Wimsett  opened the food trailer last year and he was hired to provide on-site catering for an oil field company during the company’s COVID restrictions. He later returned to McAlester and purchased a new food trailer.

“I know nothing about the restaurant industry,” Wimsett said. “I’ve had a lot of hard learning curves.”

So where did Wimsett learn how to cook his signature Cajun food?

“As a small child, I was actually fascinated with Cajun food,” Wimsett said. “And I would use to make my cousins very angry at me on Saturday mornings, it was either cartoons or Justin Wilson, well, I would always beat them to the television and be watching Justin Wilson, and that’s at a very young age, like six or seven.”

Wimsett said he was also married to a Cajun woman and learned a lot from her grandmother, whose recipes he honors on his menu today.

“A lot of these recipes are a hundred years or older and I was entrusted to never give them to anybody and I will not,” Wimsett said. “My son will be the only person that gets them.”

Wimsett said the “J-Beaux” name comes from a nickname given to him by his uncle.

“He called me J-Bo and I was coming up with something to call my place and J-Bo came to mind and I just put the Cajun twist at the end of the Bo,” Wimsett said.

Wimsett has daily specials and he does catering, inner parties, cook and drop-offs, concierge cooking, and other events.

J-Beaux’s Cajun Fusion

Justin Wimsett says he wants people to "smile from the belly" while eating food at his McAlester food trailer, J-Beaux's Cajun Fusion.

"I really have a crazy range on what I can and can’t do,” Wimsett said.

J-Beaux’s is also known for its reservation only menu that are announced on the “J-Beaux’s Cajun Fusion” Facebook page.

“Usually I’ll announce on Facebook what I’ll be serving and what the price will be and it’ll be you call and reserve it only.
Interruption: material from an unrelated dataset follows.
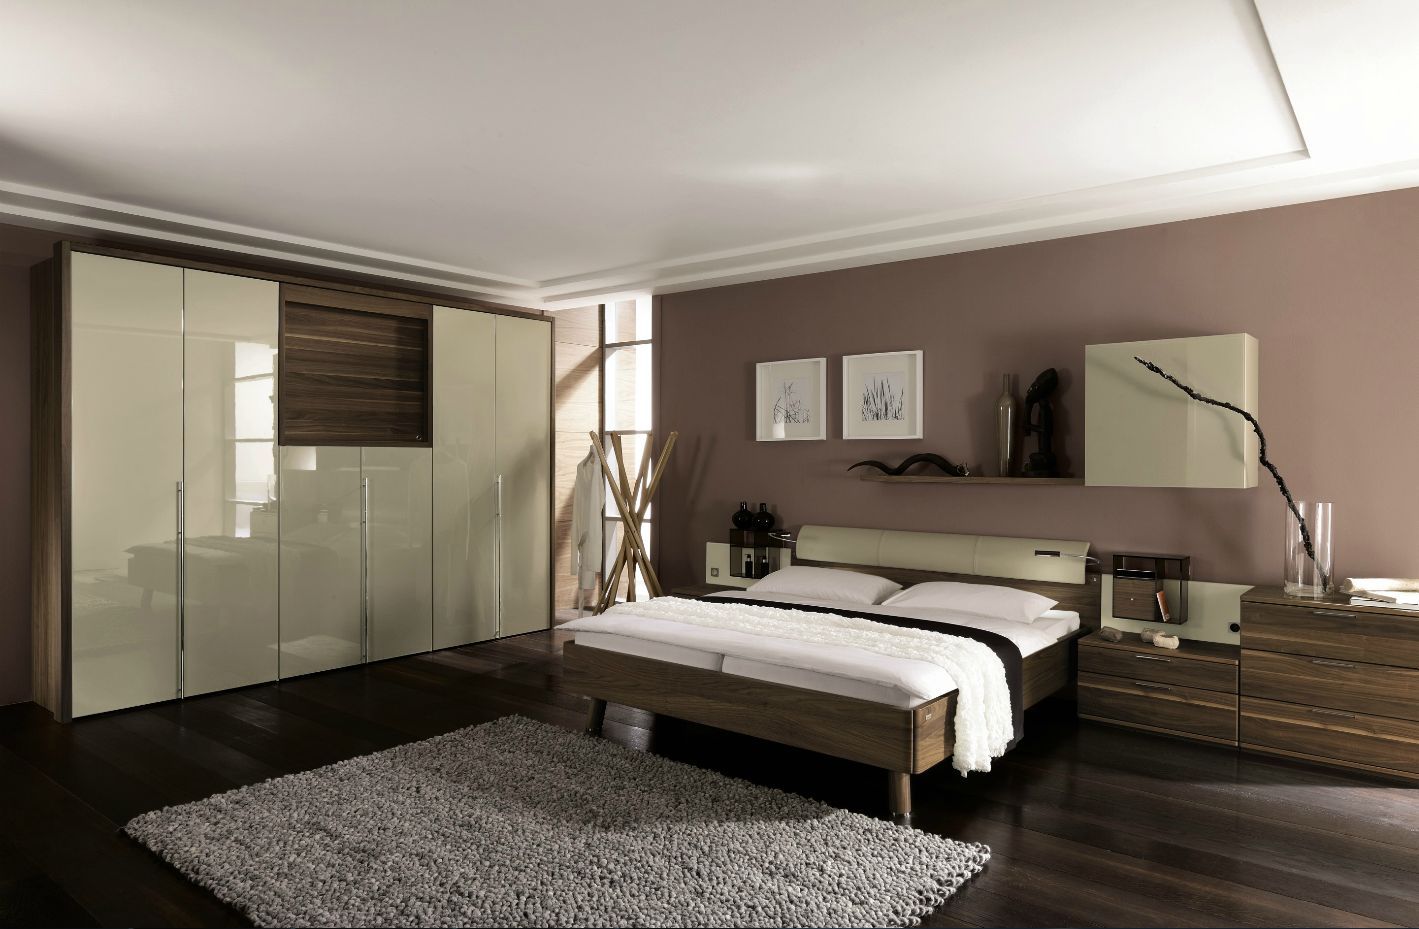 Cách thiết kế phòng ngủ với diện tích nhỏ hợp phong thủy

You’ll have from this time to this time to reserve it and if you don’t call by that time, you missed the boat,” Wimsett said.

He said the reason why he keeps the set time to make a reservation is so he does not overprepare.

“No matter what, it’s going to be a large amount of food,” said Wimsett. “You’re going to be feeding two to three and maybe four people.”

Wimsett said at the end of the day people liking and enjoying his food is what its all about to him.

“To me, people saying they like it, as long as they are being honest about it, that’s worth more that the price of food, price of a meal, or making a buck,” said Wimsett. “That’s what it’s really all about."